Но что в самом деле разобрало Джеймса Пейджа, так это улыбка Эстелл. Его, старого дурака, вдруг на миг так и потянуло к ней, и сердце екнуло и затрепыхалось в груди, будто у мальчишки. Он дрогнул, растерялся. Дрогнул метафизически, хотя сам Джеймс Пейдж такого слова никогда бы не употребил. Они оба были стары и безобразны, и что его тело сохранило способность испытывать подобное волнение, когда пора для него давно уже миновала, показалось Джеймсу Пейджу издевательством, жестокой насмешкой небес.
— Ты уж прости, Джеймс, — сказала Эстелл. И вот поди ж ты, его опять как окатило. Но прислушаться к себе и задуматься над этим он толком не успел: в кухню уже входили гости, и маленький Дикки держал перед ними распахнутую дверь, улыбаясь от уха до уха, словно вдруг наступило Рождество.

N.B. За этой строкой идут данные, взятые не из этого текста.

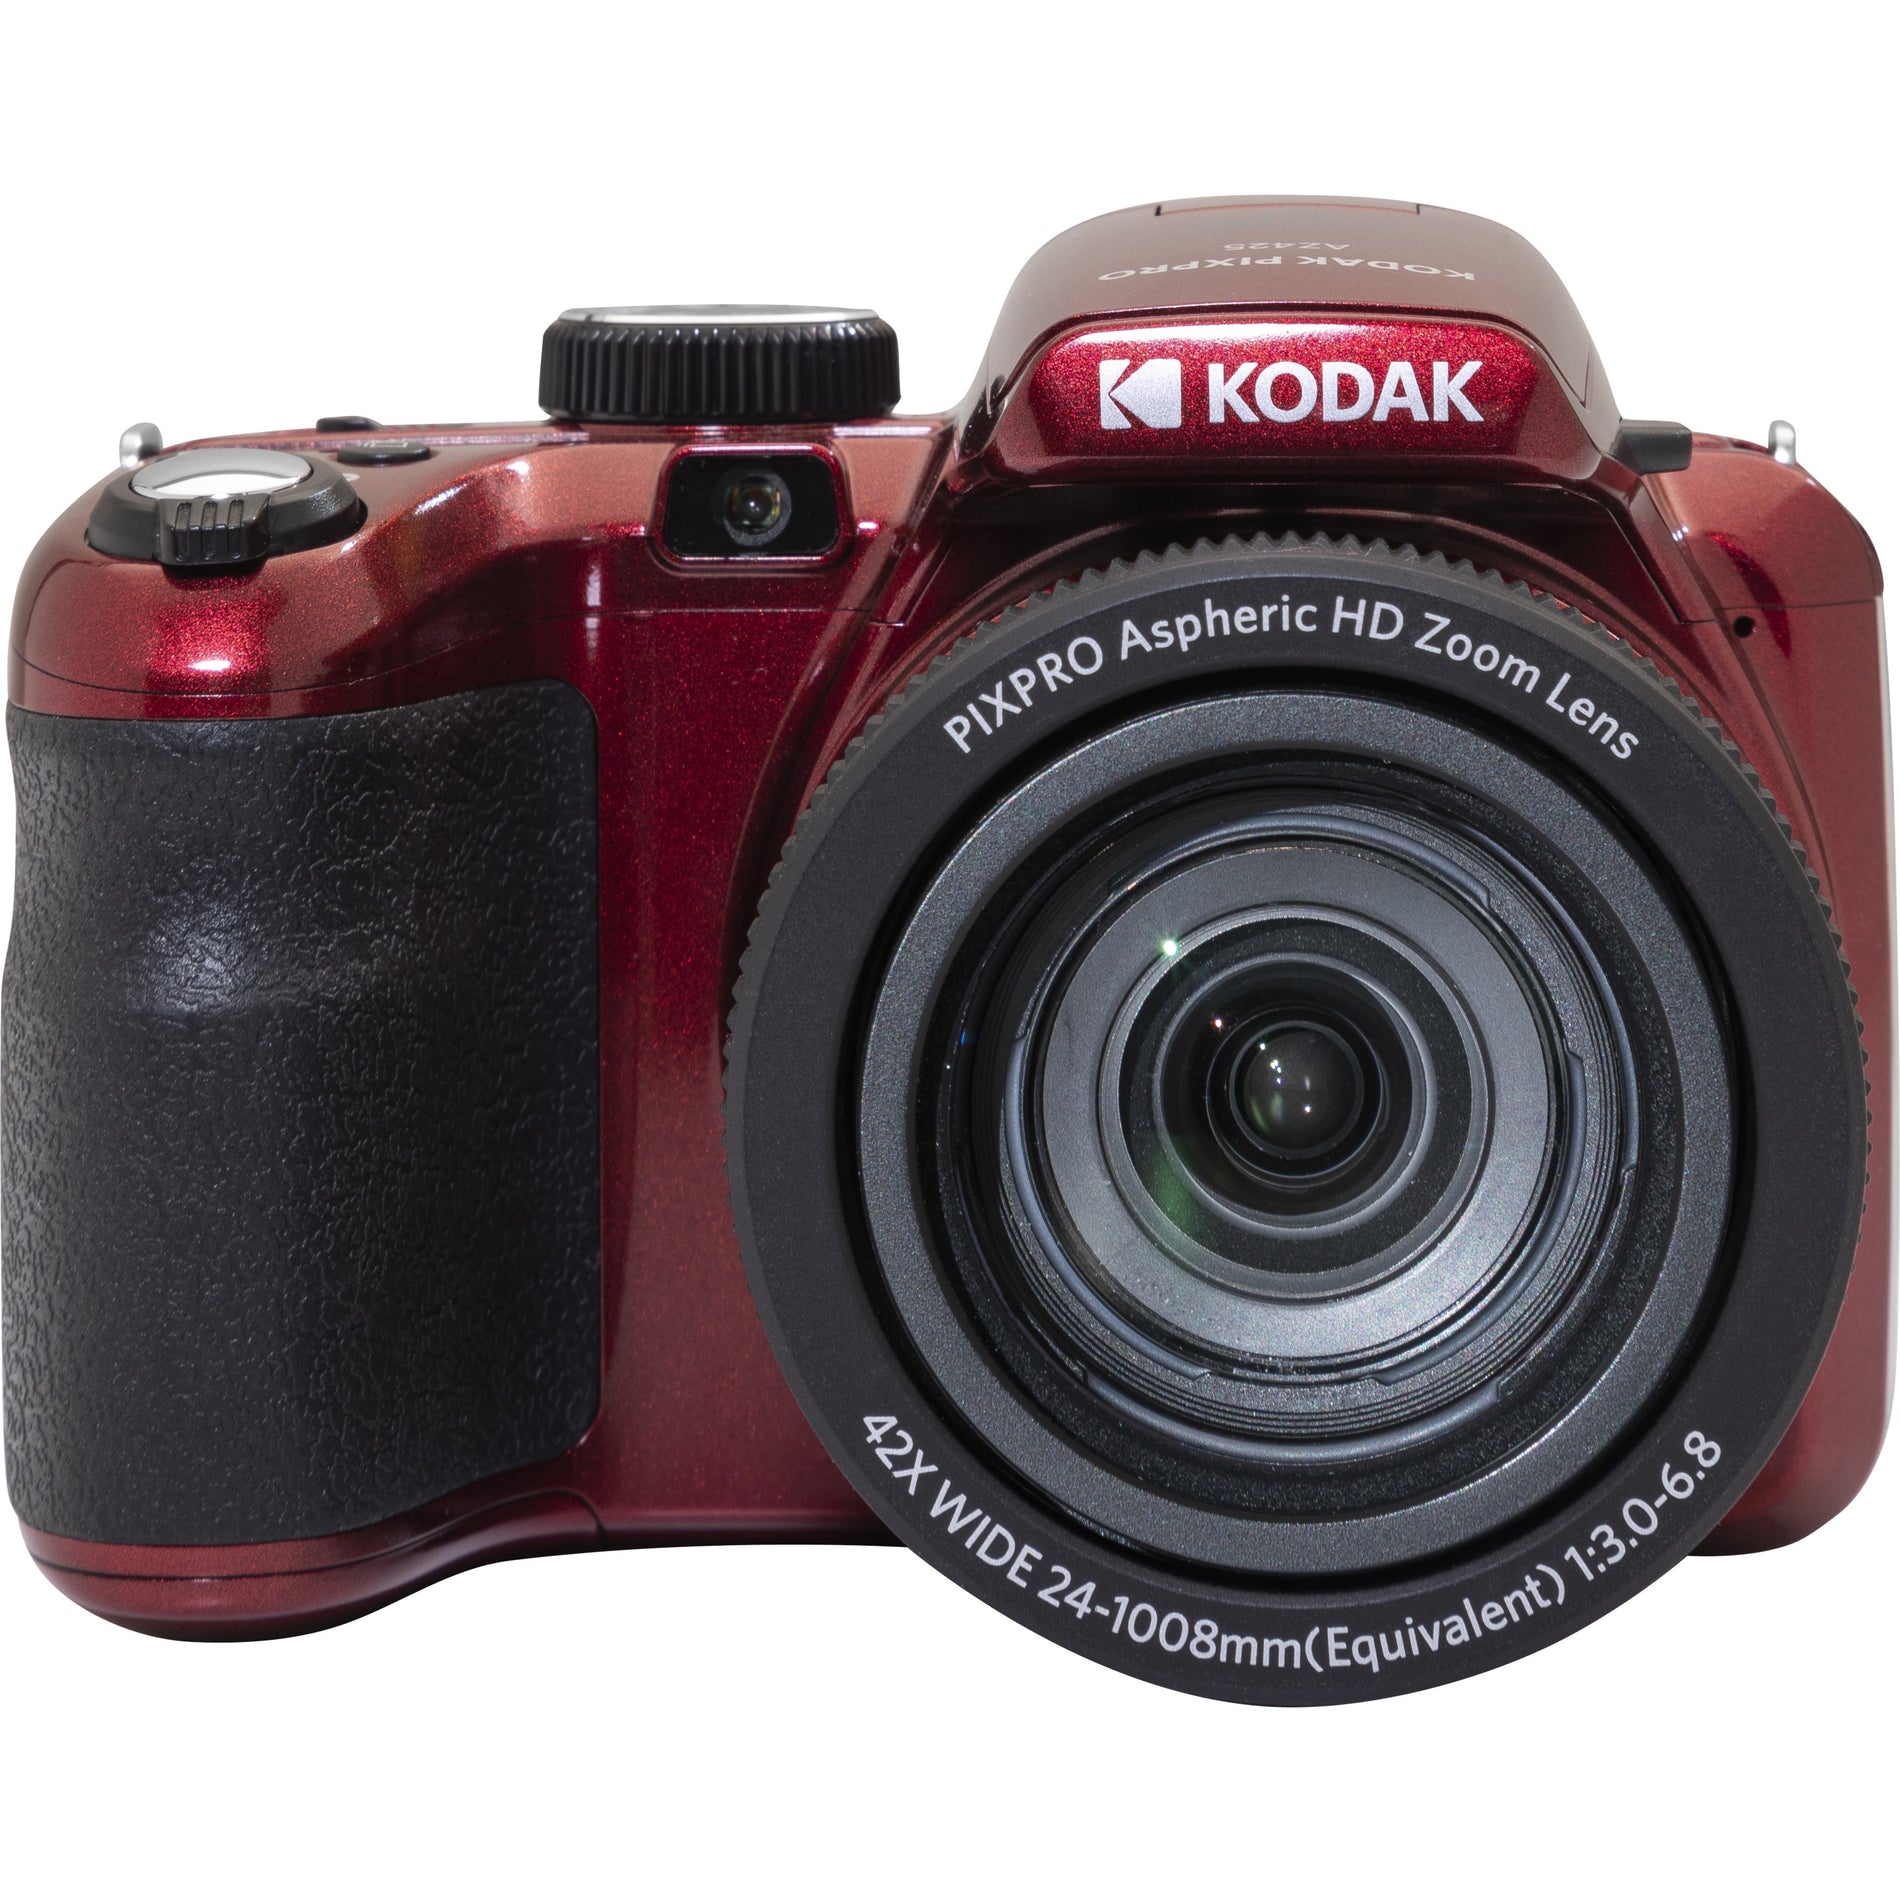 Kodak AZ425-RD PIXPRO Astro Zoom Bridge Camera, 20.7MP, 42x Optical Zoom, Full HD Video

— А ты что не спишь, малявка? — спросила Рут Томас, урожденная Джером, взъерошила ему волосы и смешно скосила глаза. Потом, как балерина, сделала пируэт, повернувшись всем своим грузным трехсотфунтовым телом, и раскинула руки, как бы обнимая всех. — Счастливой осени вам всем! — Изящно, словно актриса на сцене, она поднесла к губам пухлые, в старческих пятнах пальцы и послала воздушный поцелуй. От локтя до плеча руки у нее были невообразимо жирные. Рут Томас была в общепринятом смысле слова сумасшедшая. У нее, несмотря на возраст, был замечательно мелодичный музыкальный голос, такого замечательного голоса не слышал мир, понаторевший в противоречиях. Звонкий, чистый, он был словно создан природой для сладостных песнопений. И она действительно много лет пела красивым бархатистым контральто в хоре беннингтонской конгрегационалистской церкви, а сколько раз выступала с сольными концертами в Маккулохском культурном центре, этого никто из ныне живущих уж и не помнил точно, включая и ее самое. Но в то же время она много лет работала старшим библиотекарем в бесплатной Библиотеке Джона Г. Маккулоха, и из-за этого, а может, по другой какой причине, но ее голос приобрел не слишком приятное, деланное, сиплое звучание, как бы интеллигентное и при этом по-женски обольстительное, во всяком случае, призывное, если, конечно, это было не в насмешку над собеседниками, или над собой, или еще бог весть над чем. Когда она говорила, или пела, или делала одновременно и то и другое, голос у нее звучал как мощное незаглушаемое фортепиано, играющее на левой, «тихой», педали. Поговорить она любила — говорила не смолкая, и смех у нее был трубный.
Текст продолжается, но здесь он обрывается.